(Information shown):
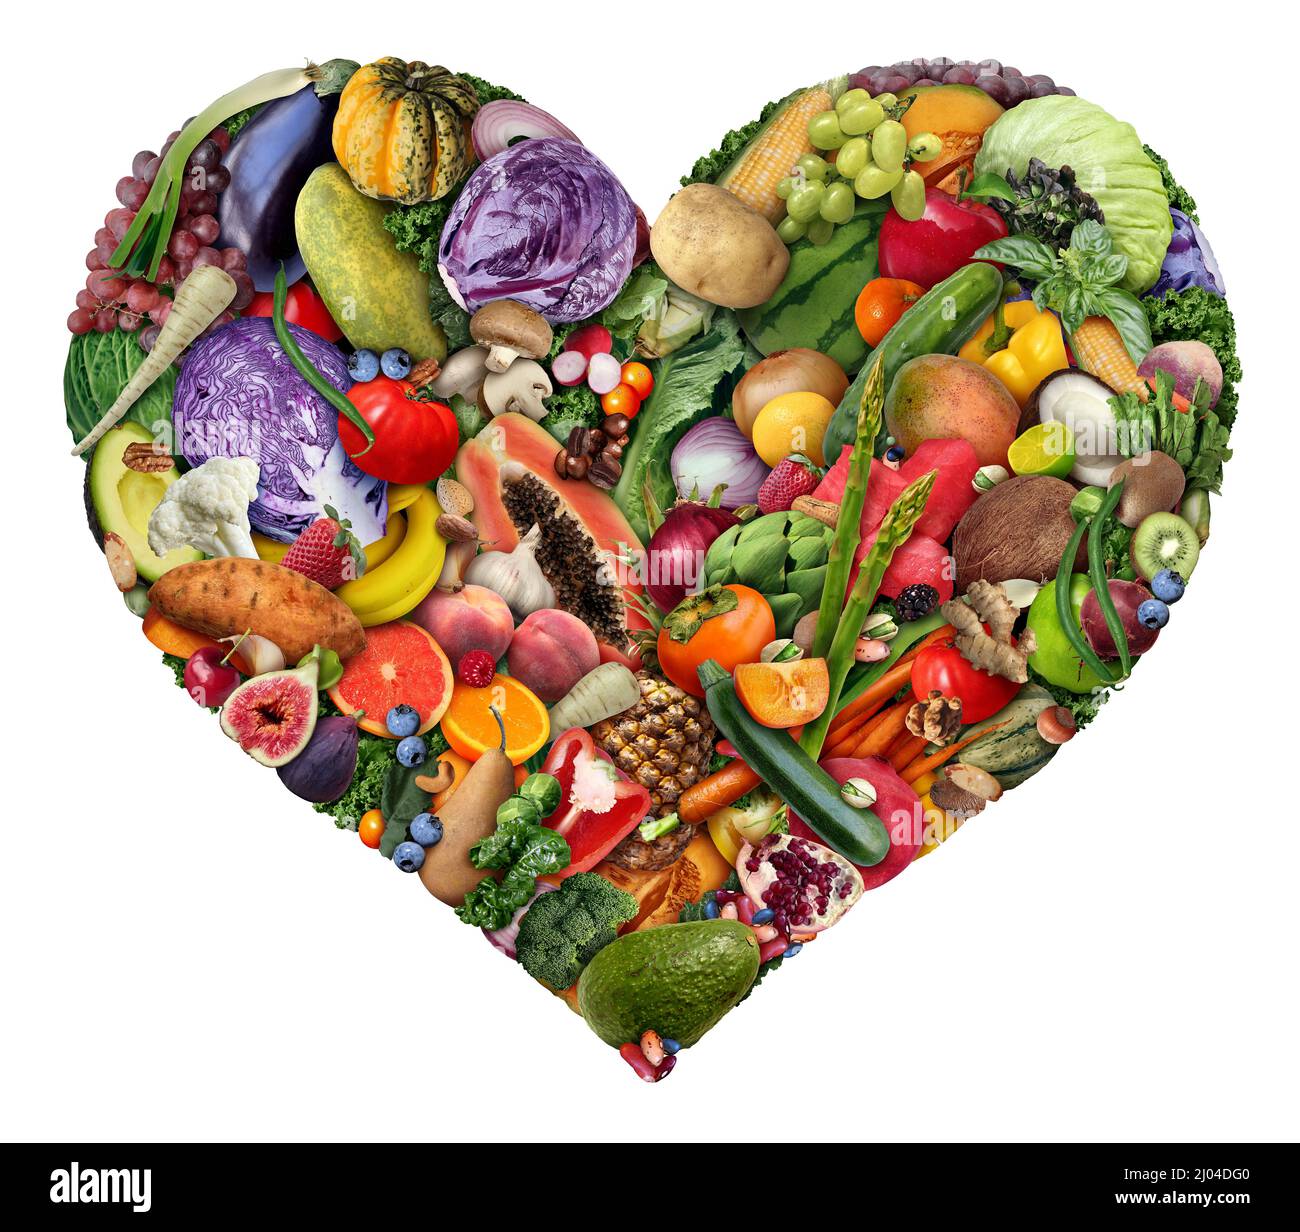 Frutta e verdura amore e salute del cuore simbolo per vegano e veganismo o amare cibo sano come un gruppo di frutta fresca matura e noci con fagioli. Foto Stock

...

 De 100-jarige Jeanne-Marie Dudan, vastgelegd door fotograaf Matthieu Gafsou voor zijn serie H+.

---

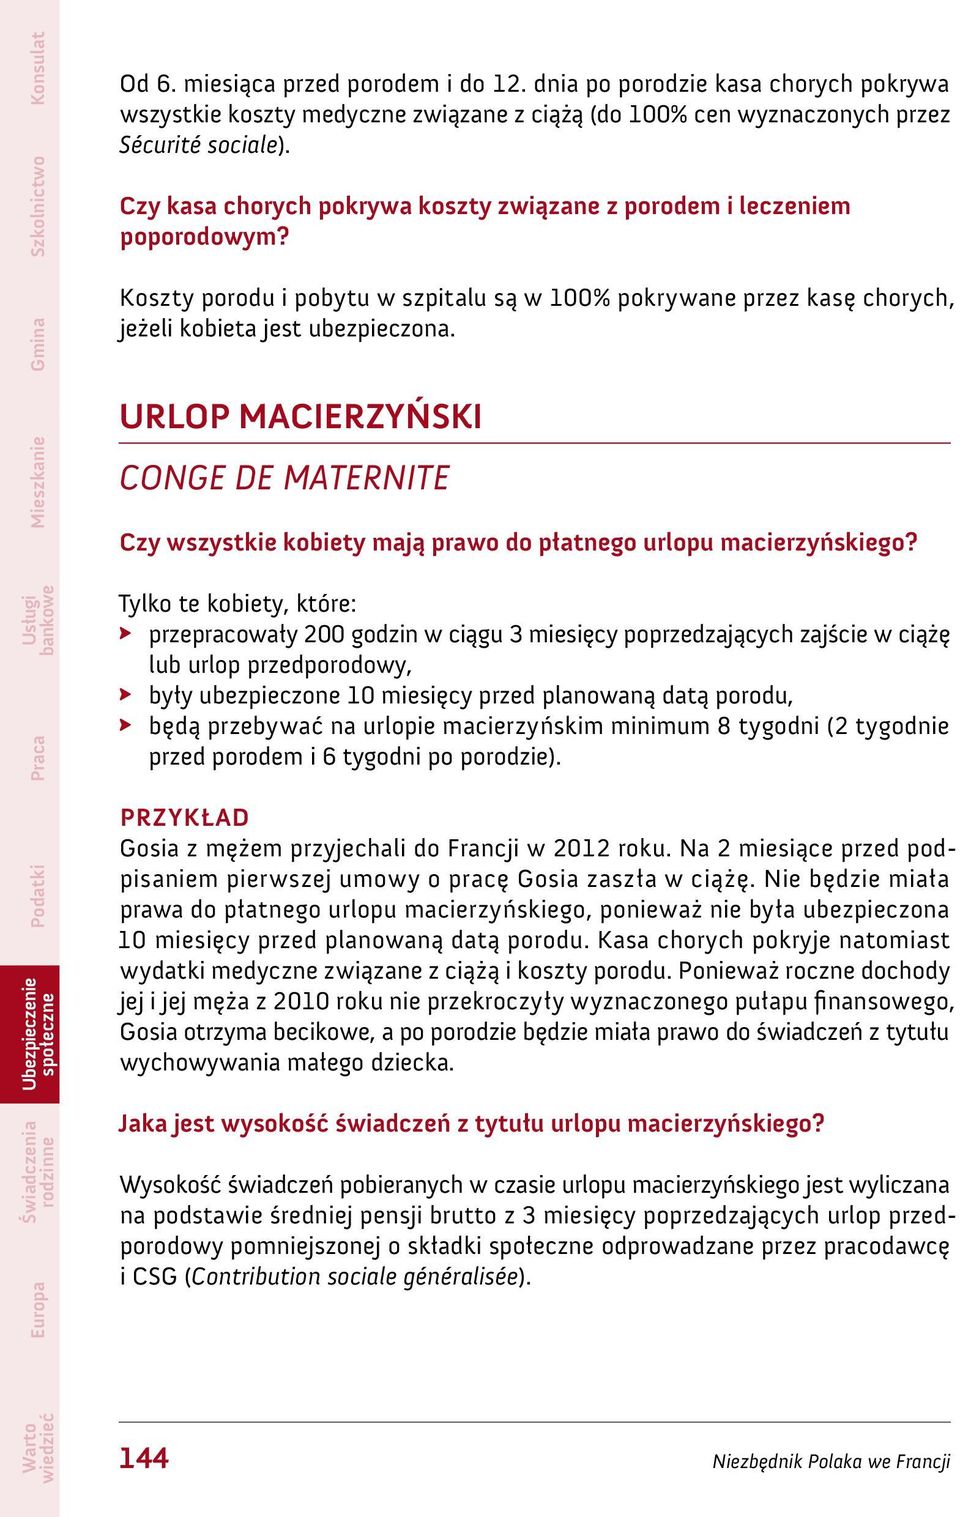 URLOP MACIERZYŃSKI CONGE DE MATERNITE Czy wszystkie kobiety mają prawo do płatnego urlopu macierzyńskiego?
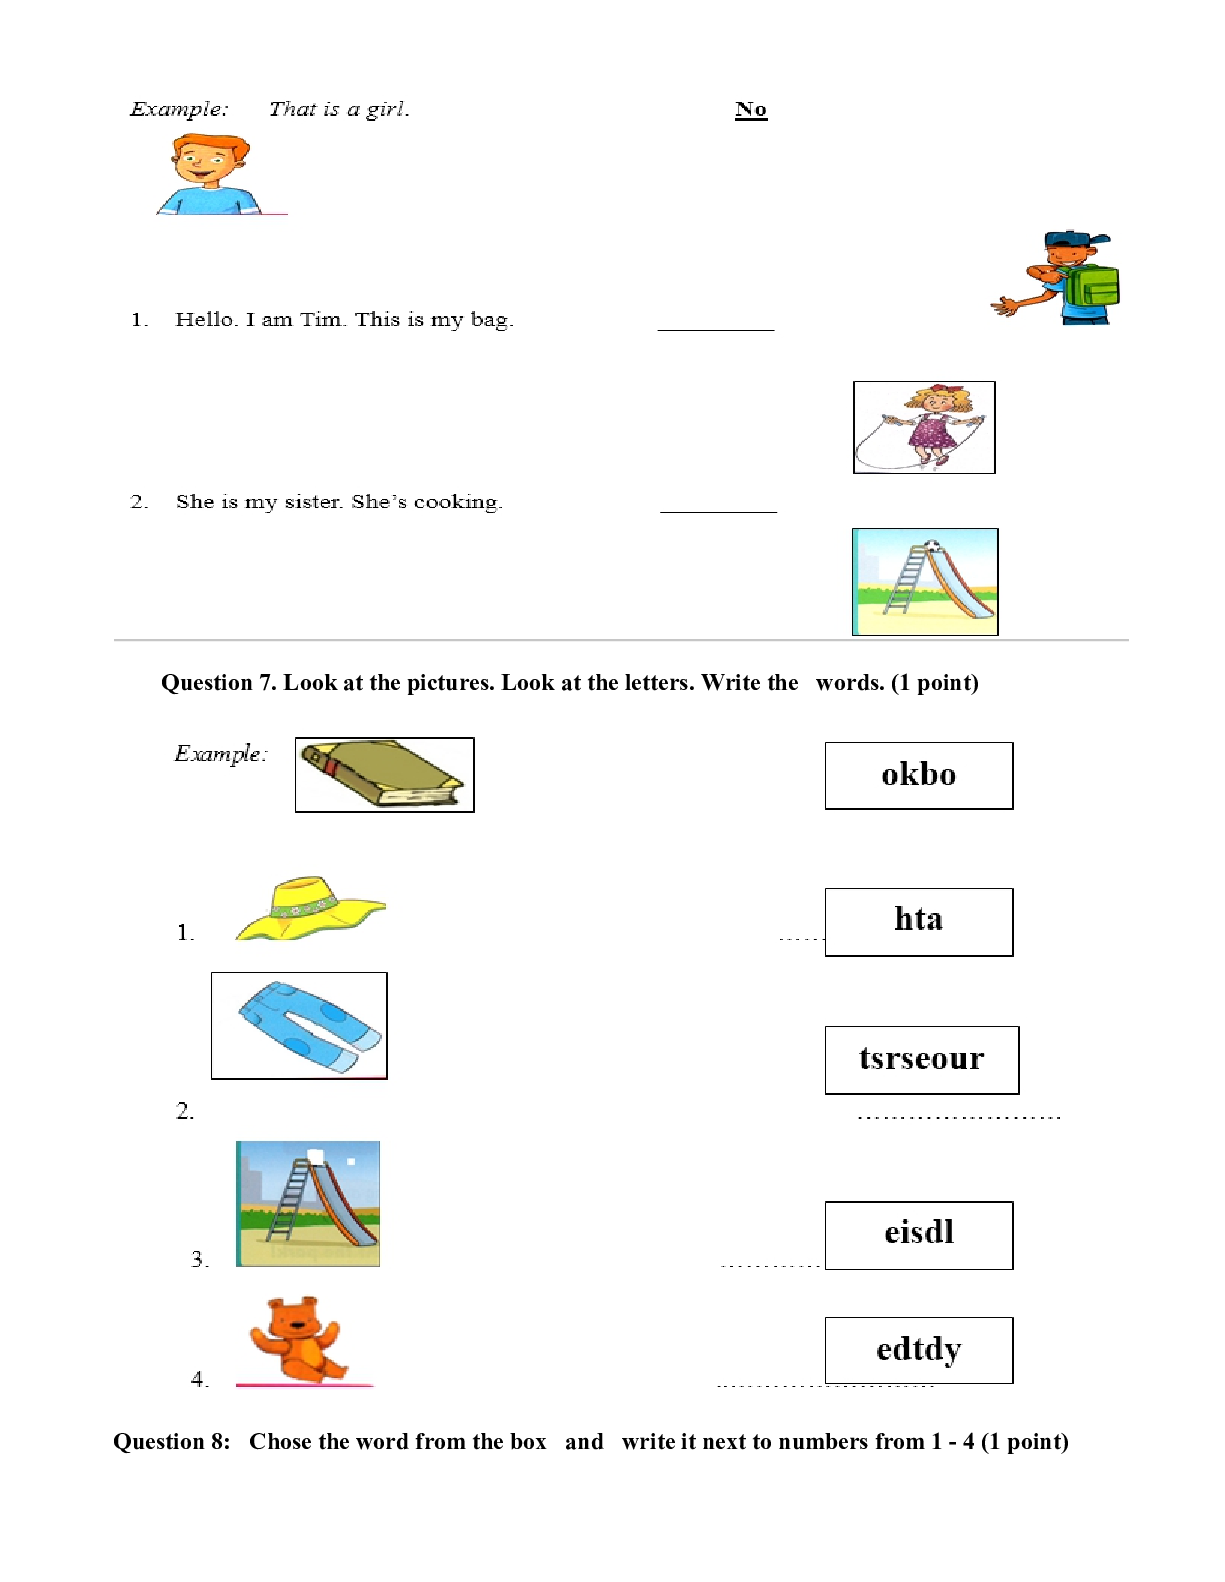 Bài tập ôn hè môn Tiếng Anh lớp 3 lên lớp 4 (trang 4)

(Exercise brief): Repeat exactly the lines above, beginning at the one containing "URLOP MACIERZYŃSKI CONGE" and ending at the one containing "Bài tập ôn hè". Do not carry over any pictures.

(Answer):
 URLOP MACIERZYŃSKI CONGE DE MATERNITE Czy wszystkie kobiety mają prawo do płatnego urlopu macierzyńskiego?
 Bài tập ôn hè môn Tiếng Anh lớp 3 lên lớp 4 (trang 4)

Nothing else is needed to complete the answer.